Of course he could just avoid her, but he wasn’t about to lie to himself. He knew himself well enough to know that he wouldn’t do that. He could try, but he would fail. And the way he felt when he looked at her was sinning—what was one more sin to add to the pile? There was a line—actually acting out what he wanted to do with her—that he would not cross. He promised himself that and hoped that God heard if He was indeed listening to him anymore.

And then he shut thoughts of God out as he imagined sucking on Sasha’s probably cherry-colored nipples, hearing her cry out and moan with a throaty yell as he touched her clit with his fingers and found the spot that made her lose control.

That’s what he wanted—for her to lose control because of him. Maybe it was some sort of lascivious justice in his own mind; she made him feel like he was going off the rails, and he wanted to do the same thing to her. That’s why he’d said those things to fluster her when she was sitting in his kitchen, drinking his scotch, daring to look edible after a full day of grueling work.

He was a mess, and he had a feeling that she knew what she was doing. The part of him that didn’t identify with being a priest, the part that had been sleeping for a long, long time, felt entitled to seeing her fall apart. The brake pedal on that impulse, the vows he’d taken, kept that drive in the realm of his imagination but still allowed him to run free there.

He wondered if she’d like him to wrap his hand around her collarbone, mimicking choking her. He didn’t want to do that, but he sort of did. And he wasn’t going to allow himself to think about how much that turned him on—the thought of her pupils dilating at being totally at his mercy.
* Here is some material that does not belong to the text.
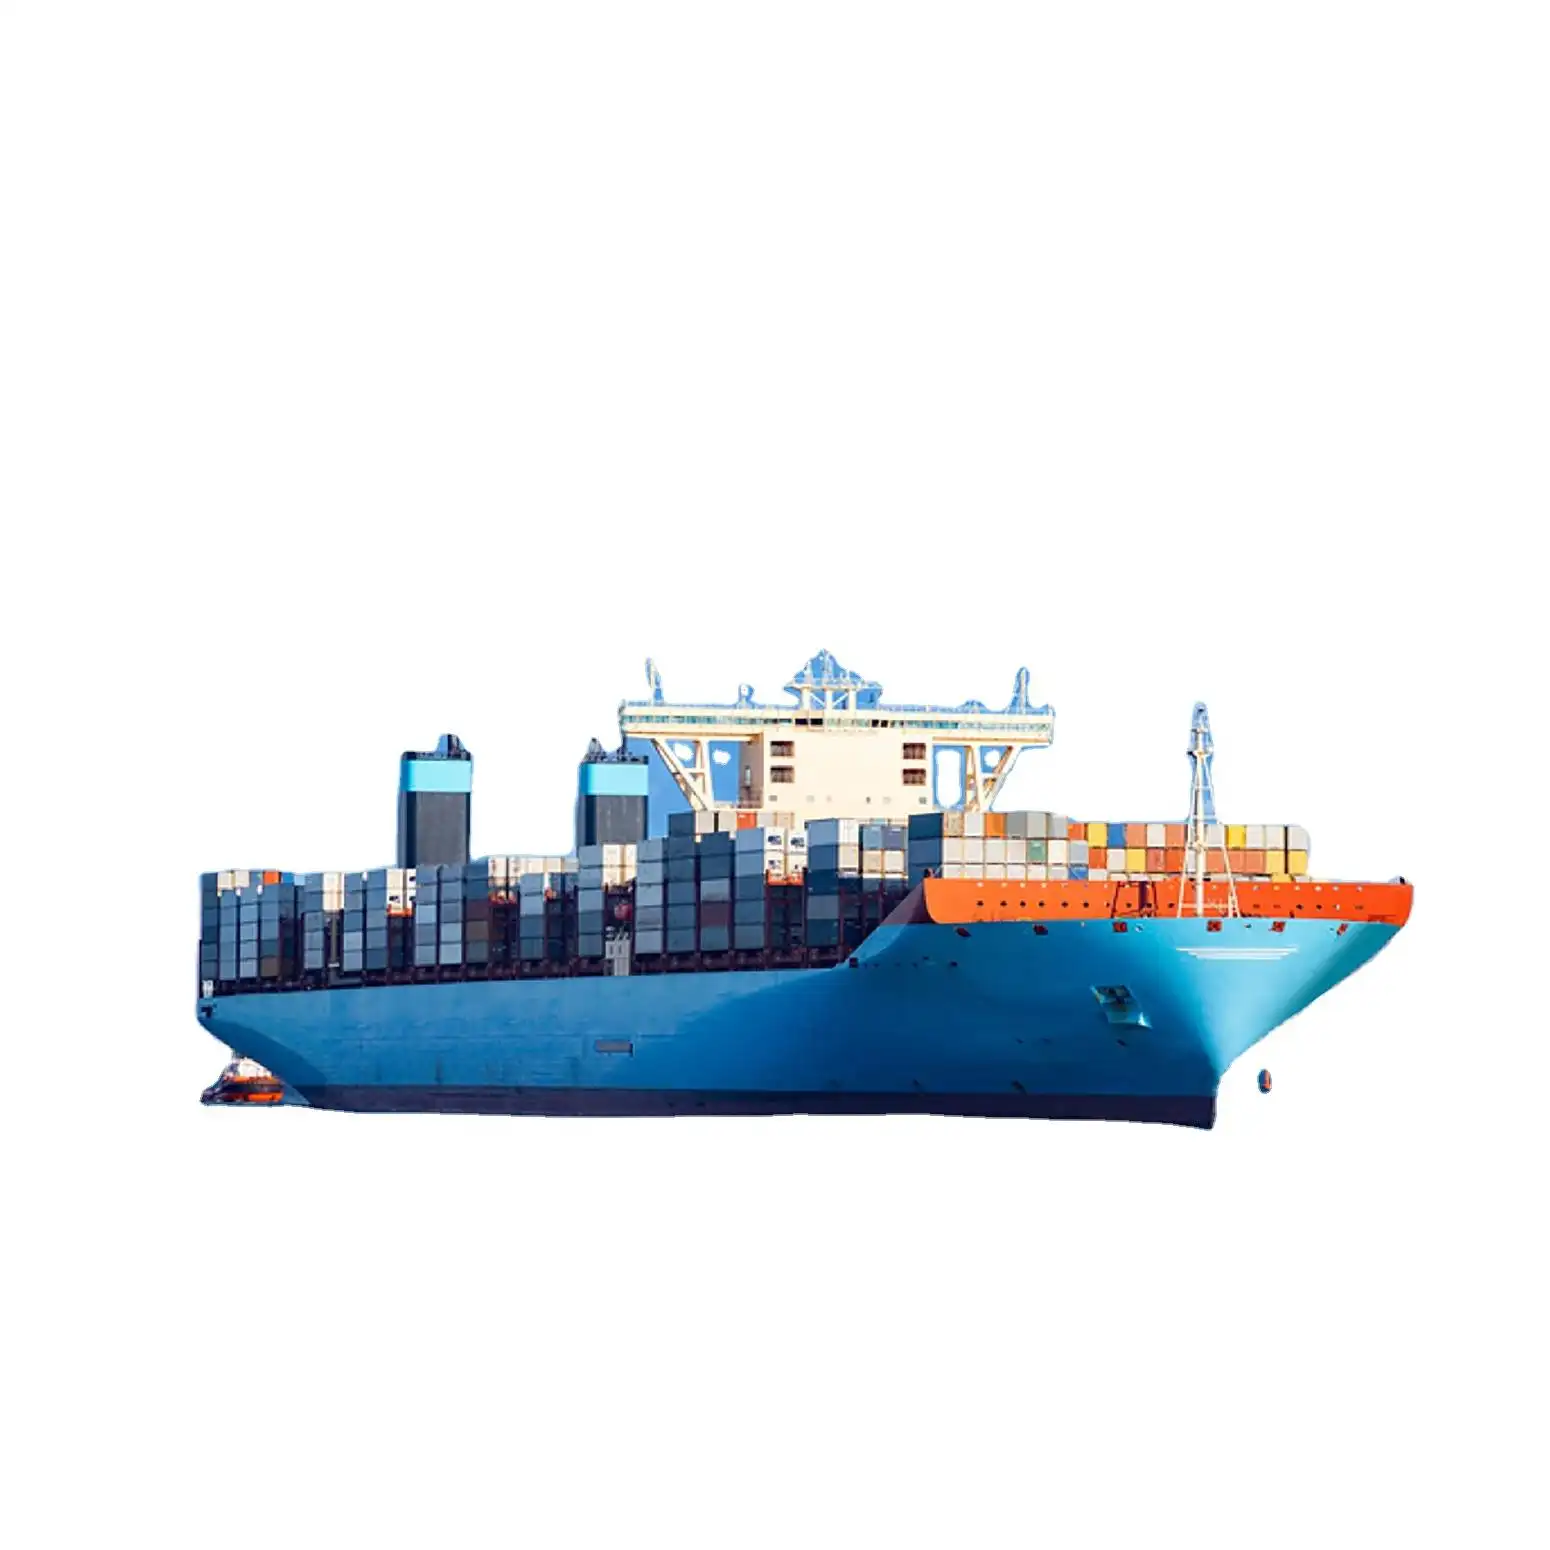 Bester Agent Drop Shipping E-Commerce-Unternehmen Express versand Transport von China nach Indien Inspection Custom Clearing

His forearm muscles strained as he worked his dick over faster and faster under the blast of the water. He could lube himself up with soap, but he didn’t deserve it. He wanted to know that he was sinning as he worked himself over for the first time in a long time to the thought of fucking Sasha from behind, admiring her plump ass as it bounced against his hips—fuck.

That was the last image in his mind before he came against the wall in the shower attached to the room where he slept alone because he was a priest and he’d made vows. Two things tempered the cataclysmic orgasm that made his knees unstable and his pounding heart practically echo off the walls: Sasha wasn’t here having a screaming climax along with him, and she never would be.

As the orgasm faded, so did Patrick’s resolve that indulging in thoughts of Sasha was superior to acting out his desires. Thinking about it only made him want her more. He was pretty sure Jesus had to think about turning water into wine or walking on water before he actually did it. Thinking about the impossible things he wanted to do to Sasha could only turn him down the road of making the impossible—having her—possible.

He felt stupid and ashamed. Still, he didn’t ask God to help him figure out what to do. He knew that he should make a confession, do his penance, and never, ever see Sasha again. He also knew that he wasn’t ready to do that. Maybe ever.